Ukrainian separatists with Russian tanks

Kiev accused Russia on Friday of sending more tanks and troops into eastern Ukraine and said they were heading towards the rebel-held town of Novoazovsk on the southern coast, expanding their presence on what it fears could be the next battlefront.

Russia did not immediately respond to the accusation which, if confirmed, would go further to kill off a European-brokered truce that was met by relentless rebel advances after it came into force on Sunday. Moscow has always denied accusations in the past that its forces are fighting in Ukraine.

Nevertheless, there were signs that the rebels may be prepared to halt their advance, having achieved their main military objective this week by seizing the strategic town of Debaltseve in defiance of the ceasefire.

Reuters journalists in the battle zone, including Debaltseve itself now firmly in rebel hands, said it was quieter than it had been for days. Kiev and the rebels both announced a new agreement, signed by Ukrainian generals and separatist leaders, to begin withdrawing heavy weapons from the front line, one of the main requirements of the truce deal.

Kiev’s biggest worry is that rebels will continue their advance to threaten Mariupol, a highly strategic port of 500,000 people that is the biggest city still under government control in the two rebellious eastern provinces. Novoazovsk, where Kiev said Russia was reinforcing, lies 40 km (25 miles) to the east along the coast near the Russian border.

“In recent days, despite the Minsk (ceasefire) agreement, military equipment and ammunition have been sighted crossing from Russia into Ukraine,” military spokesman Andriy Lysenko said. He said more than 20 Russian tanks, 10 missile systems and busloads of troops had crossed the frontier.

The United States, which is considering tightening sanctions against Russia and arming Kiev, also says it has sighted Russian reinforcements. The State Department said Russian support for the rebels was undermining international diplomacy and would bring “costs” on Moscow.
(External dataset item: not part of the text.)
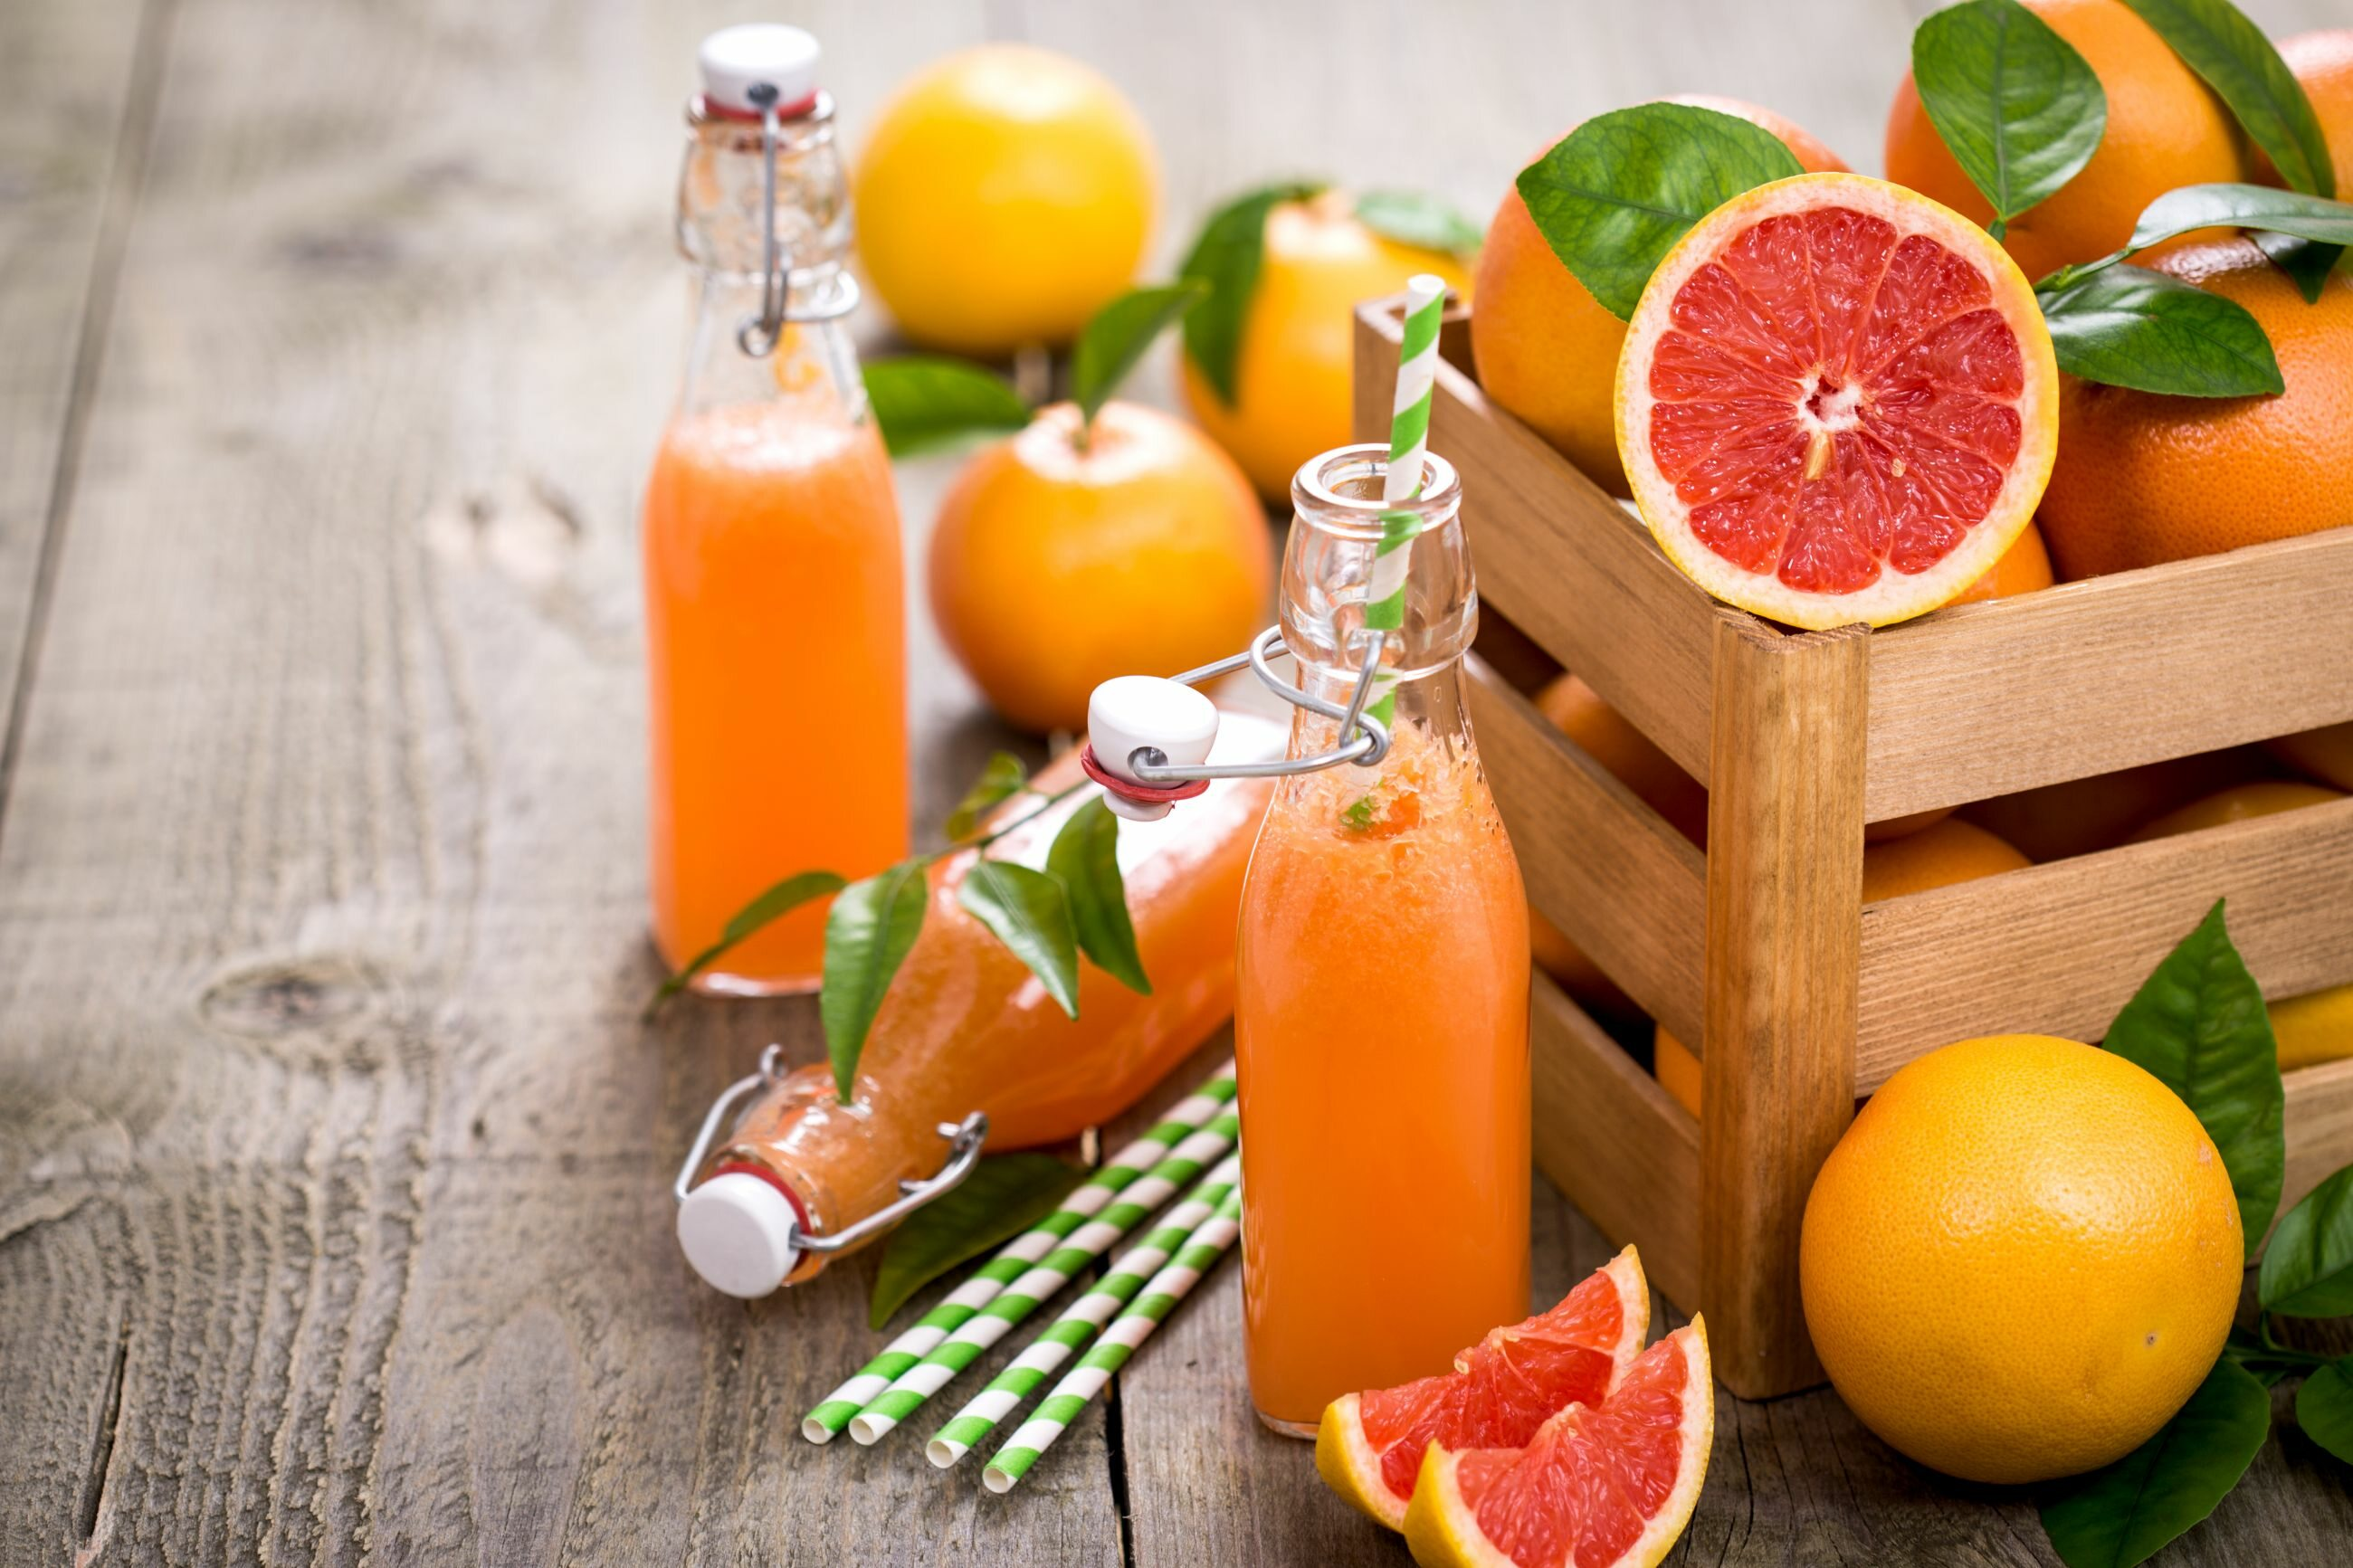 Po wypiciu soku owocowego nie wolno natychmiast myć zębów, ponieważ może to uszkodzić szkliwo.

Western nations have held out hope they can revive a peace deal brokered by France and Germany in the Belarussian capital Minsk on Feb. 12, even though the rebels ignored it to seize Debaltseve, a town on a strategic railway hub, inflicting one of the worst defeats of the 10-month-old war on Kiev.

“We are more convinced than ever that they must be applied – all the agreements, nothing but the agreements,” French President Francois Hollande said in Paris alongside German Chancellor Angela Merkel on Friday.

More than 5,600 people have been killed in fighting since mid-April last year, soon after Russia annexed Crimea from Ukraine following Yanukovich’s overthrow.